Le Mage du Kremlin de Giuliano Da Empoli pouvait se lire comme une mise en garde prolongeant, sous une forme semi-romancée, semi-historique, Les Ingénieurs du chaos du même auteur, un essai sur la manipulation de l’opinion par les partis populistes. Da Empoli imaginait une rencontre avec un certain Vadim Baranov, double fictif de Vladislav Sourkov, le conseiller politique bien réel de Vladimir Poutine. Il donnait la parole à Baranov/Sourkov sans contrepoint, ni recul, si ce n’est celui du lecteur averti et désireux de voir illustrées les thèses de Da Empoli sur la désinformation.
Olivier Assayas et son co-scénariste Emmanuel Carrière adaptent avec trop de fidélité le livre, sans modifier sa structure ni son dispositif narratif : on y retrouve cette idée fort peu cinématographique d’un dialogue entre Baranov reclus dans sa datcha et un journaliste ou chercheur occidental sur lequel on ne sait rien. Davantage un monologue en vérité : l’ancien conseiller de l’ombre égrène avec complaisance ses souvenirs et les différents moments de l’ascension politique de Poutine (son avènement sous Eltsine, la Guerre de Tchétchénie, le drame du sous-marin Koursk, l’invasion de la Crimée, etc.).
Cette approche soulève plusieurs difficultés. Premièrement, un sentiment de gêne : le film est entièrement dépourvu de contrechamp. Personne ne contredit Baranov (les interventions du chercheur servant surtout à relancer le récit), ni ne propose une autre vision de la politique et de l’histoire que celle donnée par le pouvoir russe, le film observant Poutine avec une certaine fascination, et semblant même lui trouver, par moment, des circonstances atténuantes. Ce qui pouvait fonctionner dans un livre, où le contrechamp est en réalité le lecteur lui-même, fort de ses répliques intérieures et de sa maitrise du temps, ne peut opérer de la même manière au cinéma où le pouvoir de l’image est bien trop grand et où le temps est contrôlé par le metteur en scène. Le dernier plan ne change rien à l’affaire. Deuxièmement, une impression de survol glacé, qui n’est pas étrangère à cette absence de contrechamp : tout va bien trop vite, et la masse narrative est à la fois trop importante et trop condensée, pour que les faits rapportés s’incarnent en une dramaturgie cinématographique propre à susciter l’adhésion (malgré l’histoire d’amour avec Ksénia, trop intermittente). Troisièmement, et en dernier lieu, un sentiment d’ennui : on finit par se désintéresser d’une histoire que l’on connait déjà, qui semble hésiter formellement entre le documentaire et le récit édifiant, et dont nous ne percevons que la surface à peine ébréchée. Enfin, se trouve accentué un défaut du livre, à savoir une certaine difficulté à nous faire comprendre les motivations de Baranov, en raison de l’interprétation tout en retenue et peu crédible de Paul Dano, qui ne permet pas de cerner son personnage.

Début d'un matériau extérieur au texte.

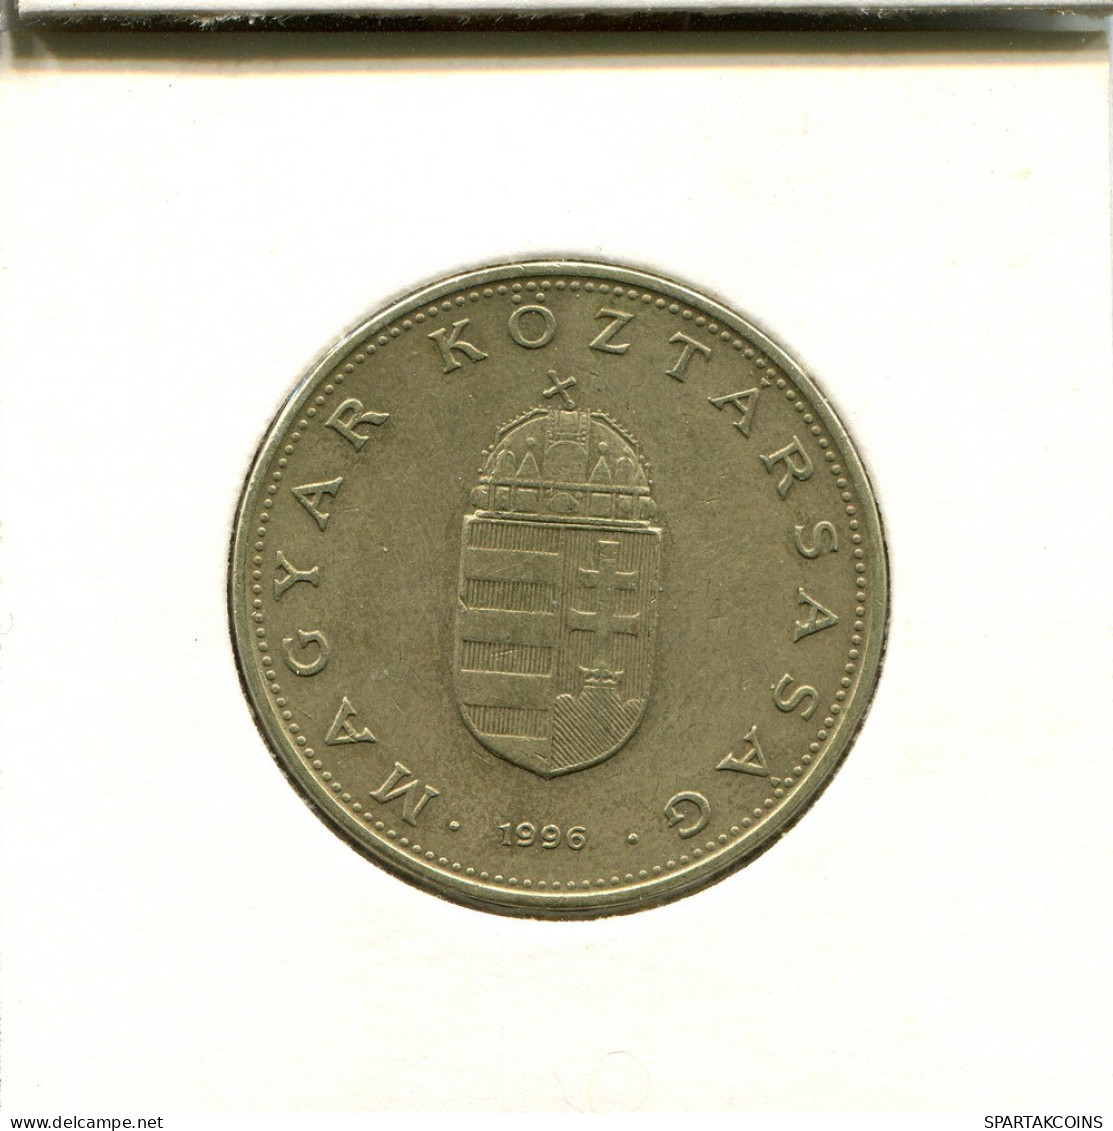 100 FORINT 1996 HUNGARY Coin #AS916.U.A - Hungary

L’interprétation de surface de Jude Law ne permet pas davantage d’en savoir plus sur Poutine.
Je crains que ce qui précède ne donne que peu de raisons de voir le film à ceux qui connaissent déjà le livre. A ceux qui ne connaissent rien du Mage du Kremlin, je conseillerais plutôt de lire le livre.
Strum
Je suis 100% d’accord avec vous. J’enseigne en plus cette période aux élèves en hggsp, je connais la plupart des événements et leurs traces documentaires et j’ai donc eu d’autant plus l’impression d’une énumération sans distanciation, sans réflexion, sans axe clair (pourquoi par exemple reconstituer des archives et pourquoi en avoir montré d’autres telles quelles? Pourquoi prétendre faire un film historique si c’est pour ajouter des éléments fictifs?) A cela j’ajoute que j’aime beaucoup Paul Dano mais j’ai trouvé son personnage inconsistant. Et que le fait de faire jouer des russes par des américains m’a profondément agacé. Personne ne s’est demandé ce que ça aurait fait au public occidental si « The Apprentice » avait été tourné en Lettonie avec Iouri Borissov dans le rôle de Roy Cohn par exemple? Je n’ai pas lu le roman mais peut-être que ça passe mieux en livre. En tout cas j’ai regretté mon choix d’être allé le voir à la place de « Hamnet » que j’ai tellement plus aimé.